1. Multiple biological invertebrate traits (e.g. body size, body form, dispersal potential) each described through multiple categories (e.g. small, intermediate or large body size) could serve as indicators of particular types of human impacts on large rivers. The trait composition of natural invertebrate communities is scarcely constrained by taxonomic differences among them, i.e. individual trait categories could be used to discriminate various types of human impacts across large geographic areas, which would require the definition of trait patterns for conditions of relatively low human impact.
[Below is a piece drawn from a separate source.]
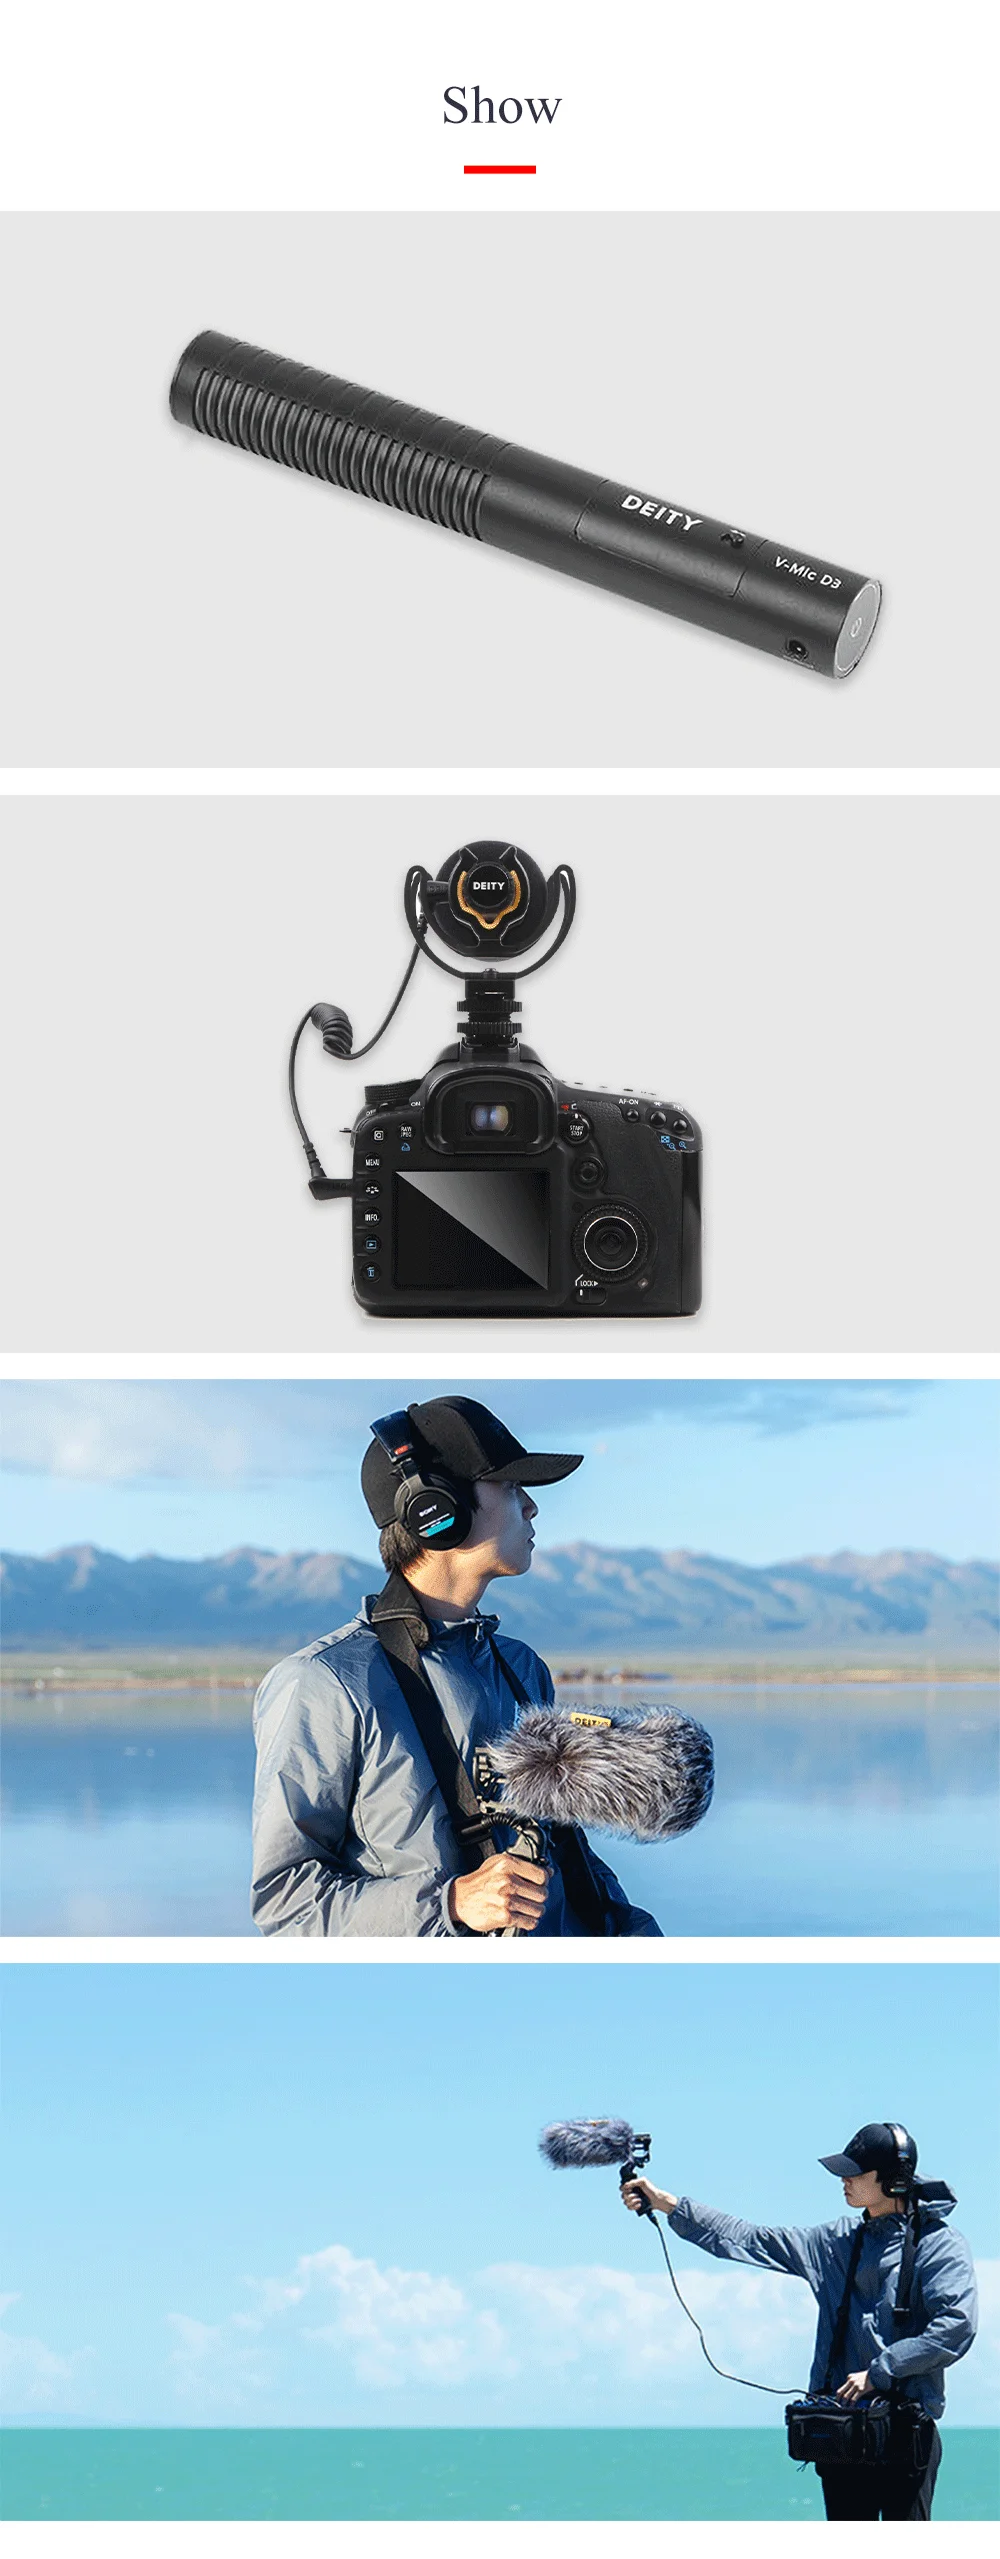 Универсальный микрофон превосходный звук по оси низкий уровень шума искажения микрофон для DSLR SLR камера видеокамера рекордер телефон ноутбук планшет

2. Using large databases to link 14 biological traits (described through 66 categories) of invertebrate genera to their occurrence in running water reaches with known environmental conditions, we examined the accuracy of various approaches to predict expected trait variation across least impacted river reaches (LIRRs) of Europe in a stepwise analytical procedure. This procedure included Monte Carlo simulations and ultimately the assignment of test-LIRRs (reaches not used in previous analyses) to the previously defined LIRR conditions.
3. Distance from the source was an integrative variable capturing some (but not all) landscape features (e.g. altitude) or habitat variables (e.g. reach shear stress). Correspondingly, the relative abundance of many trait categories changed along 13 European running waters, although particularly the intensity of these changes differed among these 13 running waters.
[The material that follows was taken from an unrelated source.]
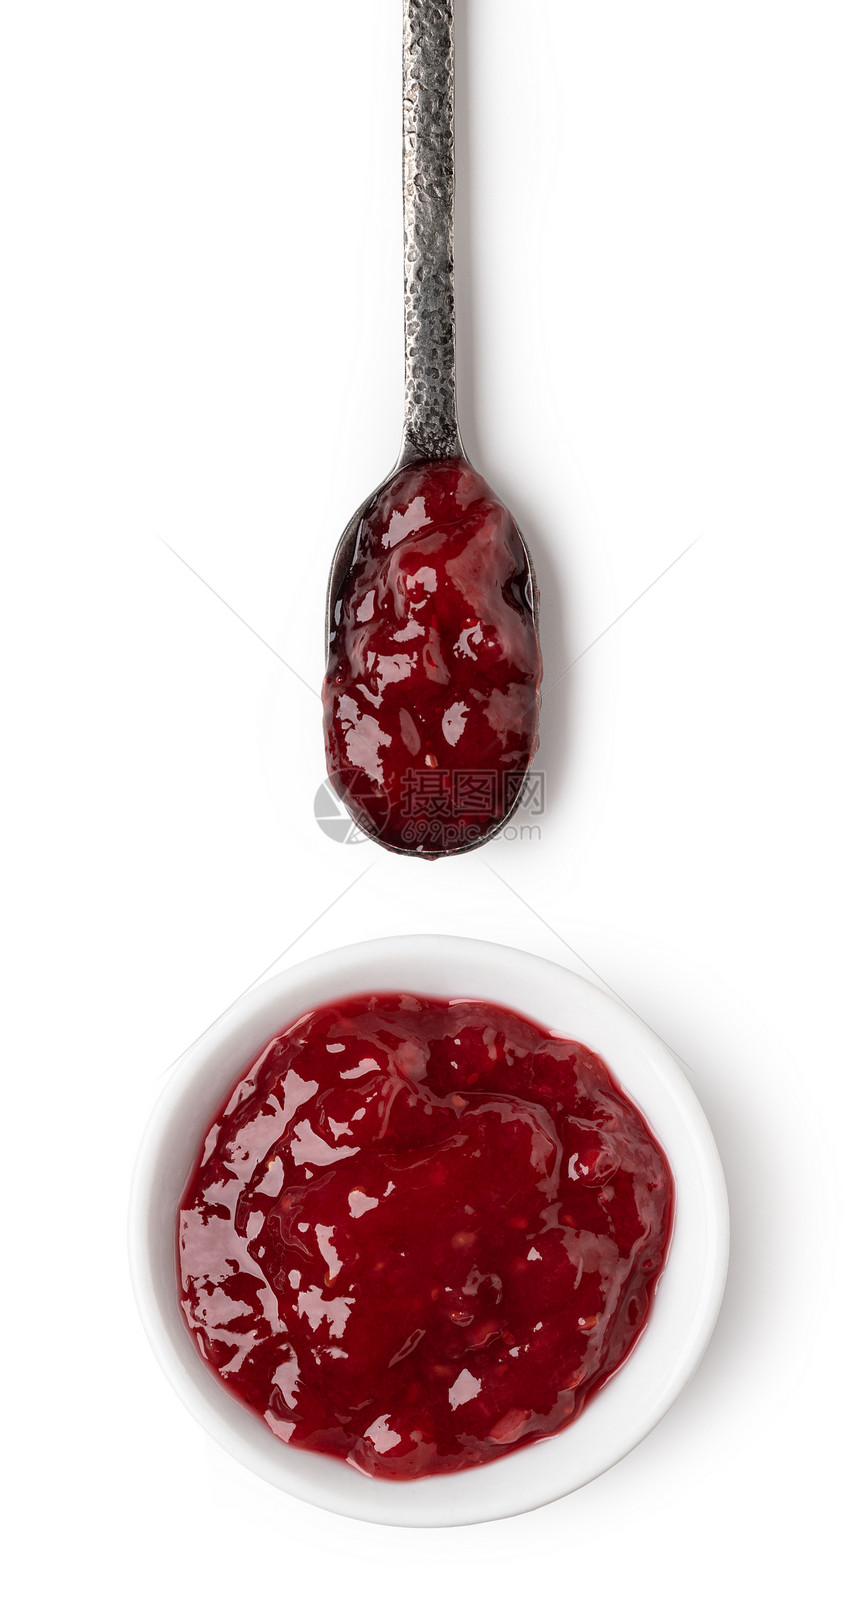 小玻璃碗和一勺红莓果酱图片

4. ‘Downstream models’ (using only distance from the source as predictor) provided the least accurate predictions of expected invertebrate trait patterns when compared with ‘landscape models’ (using distance from the source in combination with altitude and/or latitude) or ‘habitat models’ (using reach shear stress, mean annual air temperature and/or pH of the water). Landscape models provided more accurate predictions than habitat models, but the improvement of predictions of expected invertebrate traits patterns obtained using landscape models was negligible in comparison with a simpler ‘mean-model’ approach, suggesting that defining LIRR conditions through simple descriptions of frequency distributions would be sufficient for the future biomonitoring of large European rivers.
5. To define these LIRR conditions, we used the average of the relative abundance of each trait category from 68 LIRRs (≥40 m wide) as expected LIRR values, and computed LIRR frequency distributions that described the deviations of the 68 individual LIRRs from these expected values. Computing such deviations from the expected LIRR values for 57 test-LIRRs (also ≥40 m wide), 57 trait categories correctly assigned >90% of the test-LIRRs to LIRR conditions if the latter were defined through the entire range of the LIRR frequency distributions. To the 90%-range enveloped by the LIRR frequency distributions, 42 trait categories correctly assigned >80% and 12 categories >90% of the test-LIRRs.
6. Using a framework that required no regionalisation of a large geographic area, no modelling of expected values using environmental information and no standardised invertebrate sampling, the performance of our trait approach to assign test-LIRRs to LIRR conditions encourages future assessments of deviations from these defined LIRR conditions in large European river reaches with different types of human impacts.